Потом спокойно кладу трубку и, сделав глубокий вдох, нахожу в себе мужество, чтобы произнести все то, о чем мечтала сказать мужчине, который разрушил мою семью. Закрываю глаза, позволяя, наконец-таки, пролиться слезам. Где-то вдалеке слышу выстрел ружья и ощущаю запах пороха и крови.

Открываю глаза и говорю сквозь размытое от слез зрение.

— Мистер Беркшир… — Мои ноги неприятно дрожат, когда я подхожу к нему, сидящему на полу и прикрывающему рукой нос. Он достал из своего кармана шелковый носовой платок, и теперь я наблюдаю, как белоснежная ткань впитывает кровь. Я думаю о крови, которая струилась из моего отца, и о том, сколько крови мистер Беркшир заслуживает потерять.

Когда я подхожу, внутри меня что-то переворачивается. Этот мужчина, эта пустая трата воздуха для человека, был другом моего отца, его наставником, его партнером. Все это время я представляла себе этот самый момент, но никогда и подумать не могла, что упаду перед ним на колени, громко всхлипывая.

— Я ненавижу тебя, — бормочу между вздохами. — Я ненавижу тебя. — Мое облегающее длинное платье рвется по шву, когда я неуклюже падаю на колени. Сжимаю ладони в кулаки и бью его в грудь. Он пытается увернуться, но я падаю на него, непрерывно ударяя. — Я ненавижу тебя, — кричу сквозь слезы.

Холт делает шаг ко мне, но я выставляю ладонь, указывая ему держаться подальше.

— А ты, — я поворачиваюсь, чтобы взглянуть на него, — ты врал мне.

Слезы гнева превращаются в слезы боли, когда Холт подходит ко мне.

— Сейдж, позволь мне объяснить. — Он присаживается на корточки поближе ко мне. Могу точно сказать, что его одолевает мучительная боль. Но мне все равно.

Я качаю головой. Он никак не сможет все исправить. Никак. Я доверяла ему.

Дверь в кабинет Холта резко открывается, ударяется и отталкивается от стены, и три охранника влетают внутрь. Я прикрываю лицо ладонями, пока двое из них помогают Джонатану Беркширу подняться, а Холт в это время объясняет, что произошло. Третий охранник спрашивает, в порядке ли я. Но я игнорирую его вопросы.

Не уверена, что я когда-либо впредь буду в порядке. Не уверена, что когда-нибудь прощу Джонатана Беркшира или Холта, если уж на то пошло. Дотянувшись до края стола, я поднимаюсь на ноги и затем одергиваю порванное платье. Смахиваю горькие слезы со щек и поворачиваюсь к Холту.

— Почему? — спрашиваю его, нуждаясь в объяснении, почему он так долго от меня это скрывал.

Холт встает и проводит ладонью по своим темным волосам.

— Ответь же мне, Холт.

Он садится на край дивана и обхватывает лицо ладонями.

— Сейдж, мне столько тебе нужно рассказать…

— Ты лжец, — выкрикиваю я, гнев нарастает в моем голосе. — Ты лжец, и больше никто.
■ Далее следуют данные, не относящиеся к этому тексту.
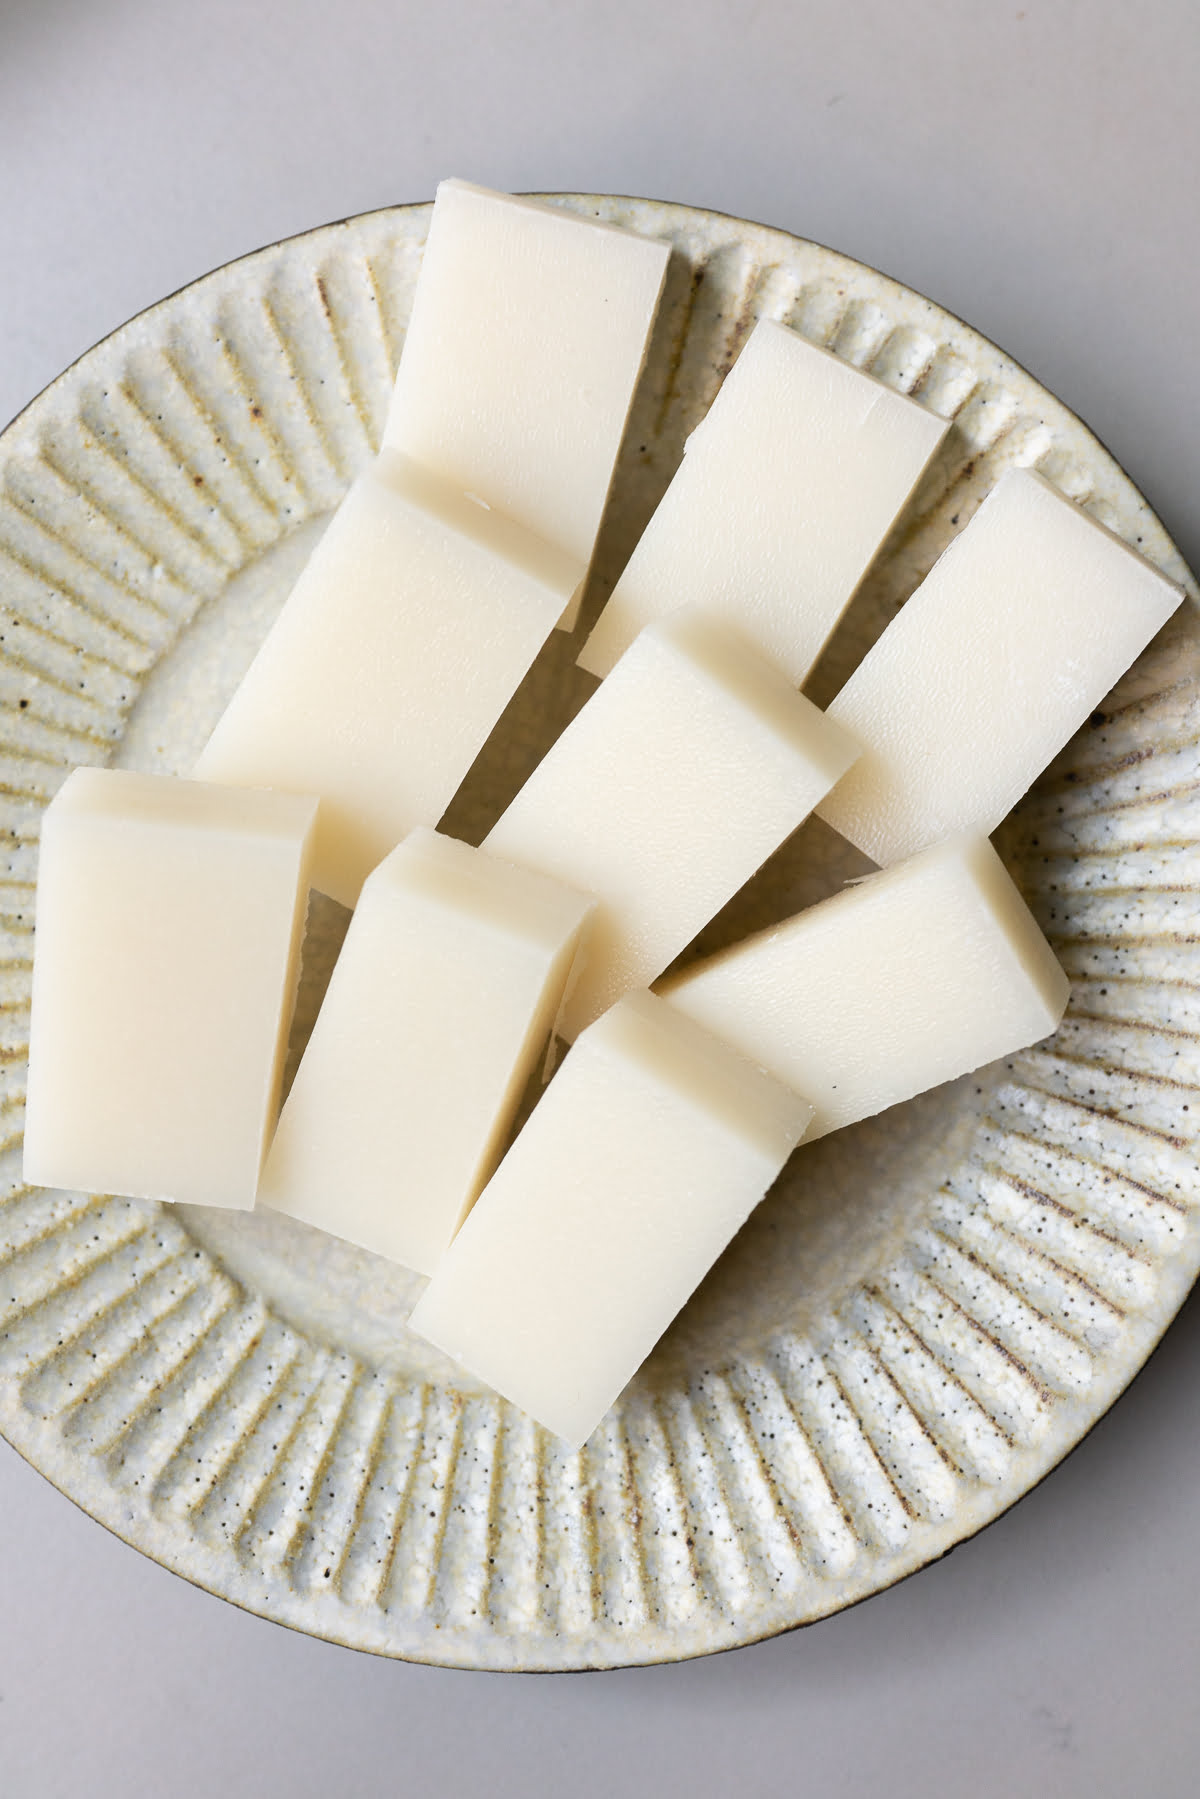 A plate of kirimochi, cut into thirds.

Ты вообще хоть когда-нибудь собирался мне рассказать? — Он не отвечает. — Так значит, в Нью-Йорке, когда мы были на ужине у твоей мамы, это тоже было отвлечением?

После этого замечания на его искаженном болью лице появляется новое выражение. Он кажется сбитым с толку.

— О чем ты вообще говоришь, Сейдж? Что значит «отвлечение»?

— Той ночью, когда ты перестал говорить со мной. Ты сказал, что любишь меня. — Мой голос ломается на этих словах. — Это было отвлечение, чтобы не говорить мне, что твоя мать поняла, кто я такая? Она узнала меня. Она соединила кусочки пазла воедино, когда я назвала ей свою фамилию.

Боже, она поняла это еще тем вечером. Я прижимаю ладони к животу, пытаясь остановить боль. Холт глубоко вдыхает и сжимает губы в тонкую линию.

— Боже мой, Холт! О чем еще ты врал?

— Это не было ложью, — злобно огрызается он. — Сейдж, я бы никогда не стал тебе врать, что люблю.

— Чушь собачья! — кричу на него, шампанское в желудке грозится выйти наружу. Слезы теперь льются ручьем, и я едва могу отдышаться, чтобы говорить. — Кто еще знал обо мне?